First, several rounds of PBFT consensus processes are performed, excluding failed nodes or nodes that send messages inconsistent with most nodes that exist in the several rounds of consensus processes. In order to encourage each node to participate in consensus in honest, and resist the fault node, the embodiment designs a node credit value rewarding and punishing mechanism. When a round of consensus is completed, the checkpoint protocol updates the credit information of each node through the log to avoid malicious transmission, and attempts to disturb the consensus process.

The credit rewarding mechanism evaluates credit by evaluating the number of successful communications when a node participates in a process, wherein S _i ' is the updated credit value. T (T) _v Adjusting parameters for prize value, w _con Indicating the number of times that participation in consensus is expected, a _con The credit rewarding mechanism is as follows, which represents the number of actual participation in consensus:

when the candidate node successfully completes one consensus, a _con And w is equal to _con The ratio of (2) is 1, T is adjusted by setting _v1 ＞T _v2 Encouraging each node to complete the consensus process in honest, more credit rewards enable the common node to have a better chance to join the candidate node queue, and become the host view of the host node.

The credit value punishment mechanism is mainly used for regulating and controlling the credit value of the fault node, namely, the node does not successfully communicate in the consensus process, and a _con =0, penalty mechanism is as follows:

for penalty mechanism, P _v Adjusting parameters for penalty values by setting up adjustment P _v1 ＜P _v2 The malicious attacker is prevented from implementing the attack by means of the credit shell of the candidate node for many times. For the main node to fail in the consensus process, the credit value is directly deducted by 5 points, and the failed main node is removed from the candidate queue to become a common node, so that the possibility of multiple failure main selection in a longer time is avoided. When the situation that the same node bears the master node repeatedly occurs, the credit value of the node needs to be reset, and the assignment interval is 0 < S _i Less than or equal to 8 to avoid excessive systemHeart-turning.

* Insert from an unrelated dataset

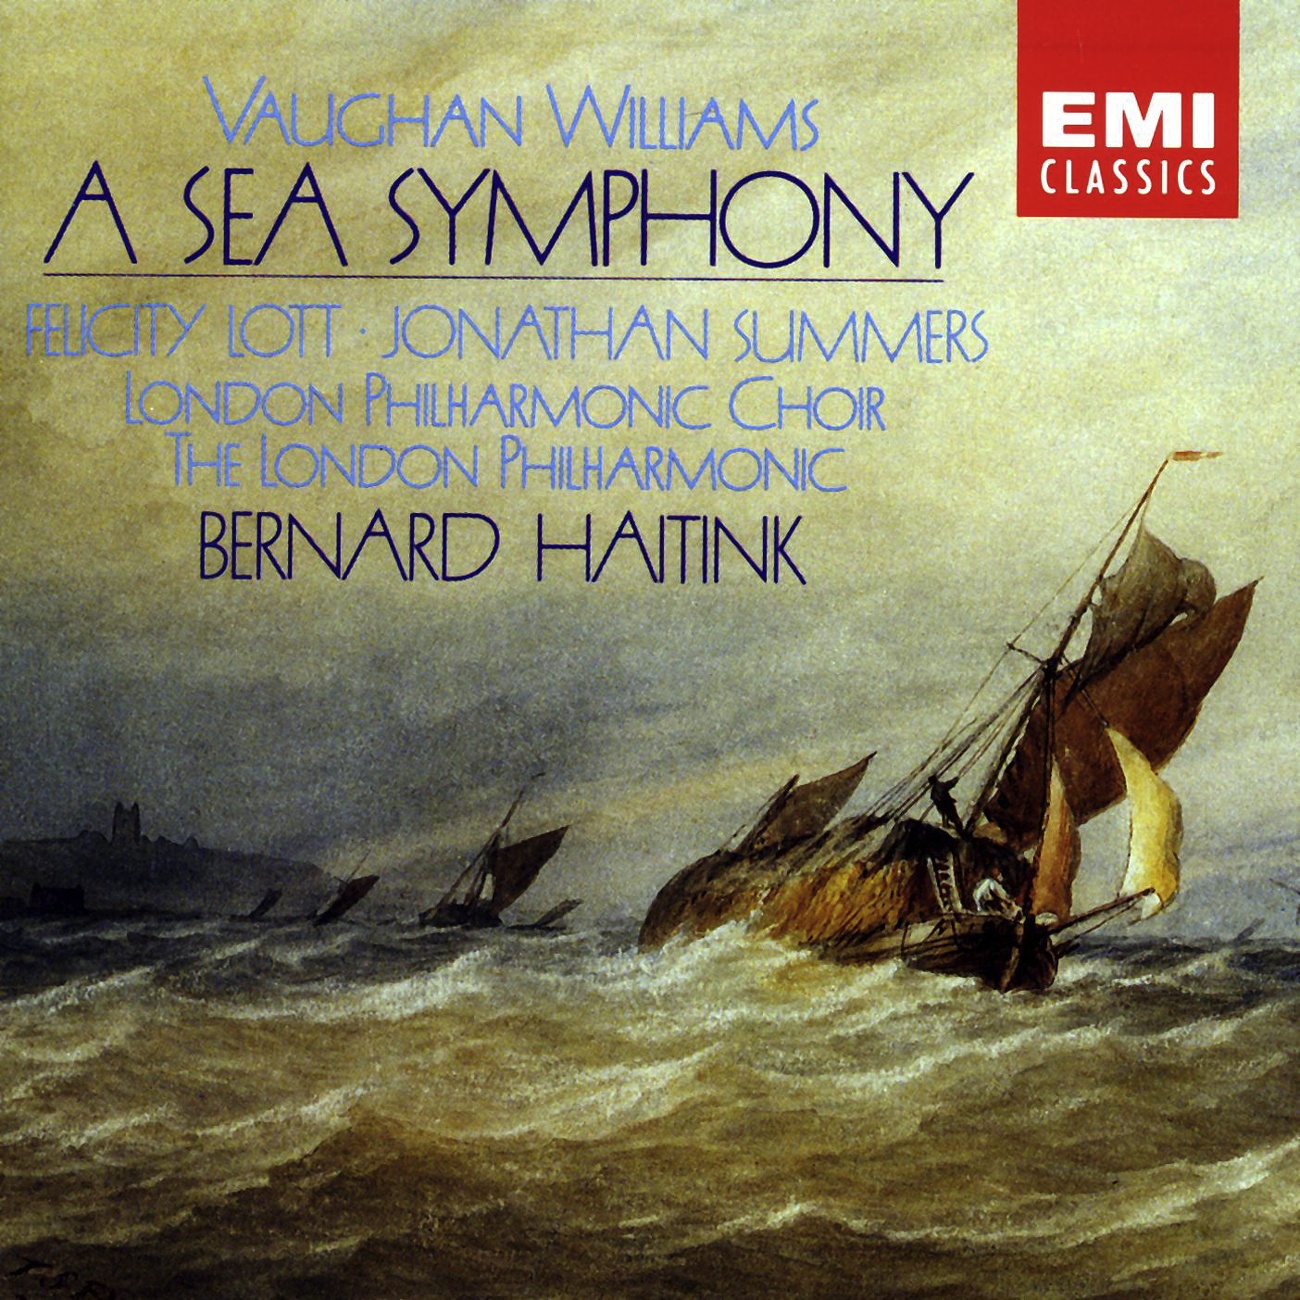 Vaughan Williams: A Sea Symphony: II. On the Beach At Night, Alone, A Vast Similitude Interlocks All

By dynamically adjusting rewards, penalty values T _v P _v The candidate queue can be regulated and controlled as a whole to avoid the situation that the candidate queue is too much or too little. Meanwhile, due to the arrangement of the candidate node queues, honest nodes with higher credit values have the opportunity of preferentially acting as the main nodes, the possibility of the main nodes with the round values of the fault nodes is greatly reduced, and the main nodes are selected from the candidate queues with higher credit values, so that the view switching times are greatly reduced. In order to ensure the normal operation of the consensus process, the situation that no alternative candidate node exists when the master node fails is avoided, and the sequencing of the candidate queues and the consensus process need to be synchronously performed.

(2) Consistency protocol simplification

The traditional PBFT consensus mechanism requires two times of complexity O (N ² ) Is a communication process of (1); in the grain scene, the number of nodes is large, and if the main node is a Bayesian node, the communication overhead of the main node is reelected, so that the consensus efficiency is greatly affected.

Therefore, the embodiment simplifies the consistency protocol of the PBFT mechanism while introducing the node credit value evaluation mechanism, effectively reduces the communication complexity between the nodes to the O (N) level, and further improves the consensus efficiency, so as to be suitable for a plurality of scenes of the grain supply chain nodes.

The simplified consistency protocol is shown in fig. 8, and the specific steps are as follows:

step 1: firstly, a master node is selected through a node credit value evaluation mechanism, and is responsible for hosting the round view and mainly responsible for message verification and generation of a new block after consensus.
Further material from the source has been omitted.